Sosok mengerikan terlihat sedang merayap pelan berusaha naik ke atas menghampiri mereka. Sosok kotor dan terlihat penuh bercak darah di wajah, tangan dan bajunya. Dia menggunakan jari-jarinya yang di tancapkan dengan paksa untuk merayap naik keatas. Rambutnya berantakan menutupi hampir setengah wajahnya.


"Tolong." Terdengar suara lirih seorang wanita.


"Dia bukan setan, Ka. Dia juga manusia." Will menepuk bahu Raka untuk menyadarkan Raka yang terkesiap mendengar lirihan mengerikan itu.


"Aku takut." Raka tak bergeming sama sekali.


"Ayo kita tolong dia, dia seorang wanita dan masih hidup." Will kembali menarik tanaman-tanaman liar yang merambat disekitarnya, dia mengikatkannya di pinggang dan kembali membiarkan tubuhnya merosot kebawah menghampiri sosok mengerikan itu.


"Hati-hati Will." Raka masih mematung, dia merasa takut jika sosok itu sebenarnya memang setan atau zombi.


"Bantu aku, Ka." Will terlihat sudah memegang tubuh sosok mengerikan itu.


"Apa yang harus kulakukan?"


"Tarik tanaman itu." Will menunjuk ujung tanaman merambat yang tadi diikatkan pada tubuhnya.

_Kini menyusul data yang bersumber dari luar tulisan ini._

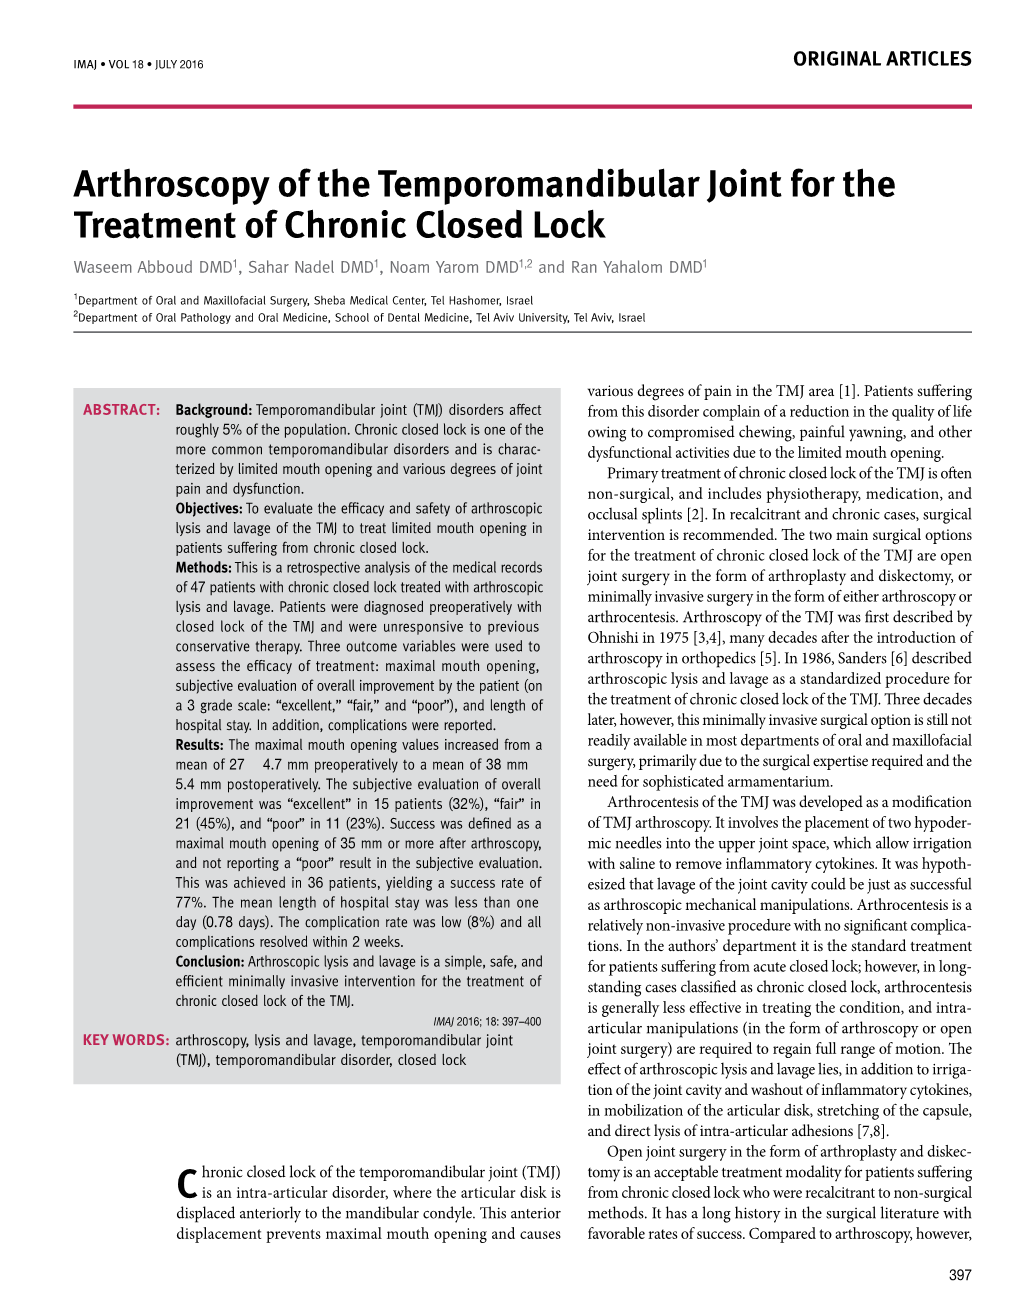 Arthroscopy of the Temporomandibular Joint for the Treatment of Chronic Closed Lock Waseem Abboud DMD1, Sahar Nadel DMD1, Noam Yarom DMD1,2 and Ran Yahalom DMD1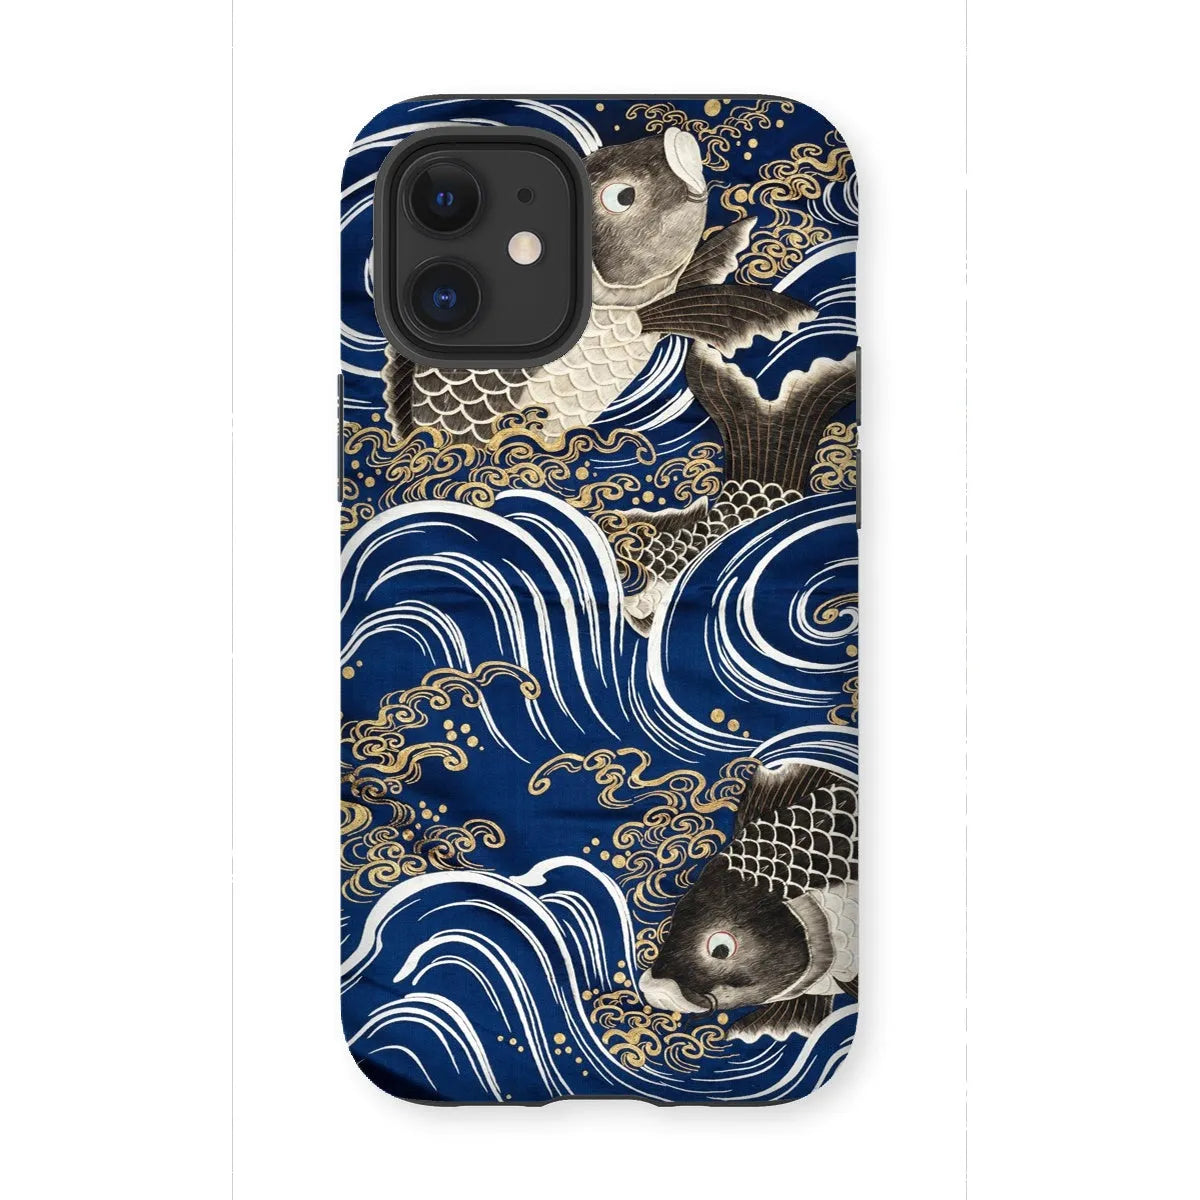 Fukusa And Carp - Japanese Meiji Period Art Phone Case - Iphone 12 Mini / Matte - Mobile Phone Cases - Aesthetic Art

"Baiklah." Raka ingin menarik namun dia melihat sosok yang disamping Will menyeringai lebar ke arahnya, dengan darah diwajah dan sudut bibirnya. Dia tersentak dan merasa takut luar biasa.


"Kenapa?" Will menatap Raka yang membeku.


"Kau yakin dia benar-benar manusia?" Raka ketakutan.


"Ya, tubuhnya masih hangat. Cepat tarik, Ka." Will sudah tidak sabar.


...****************...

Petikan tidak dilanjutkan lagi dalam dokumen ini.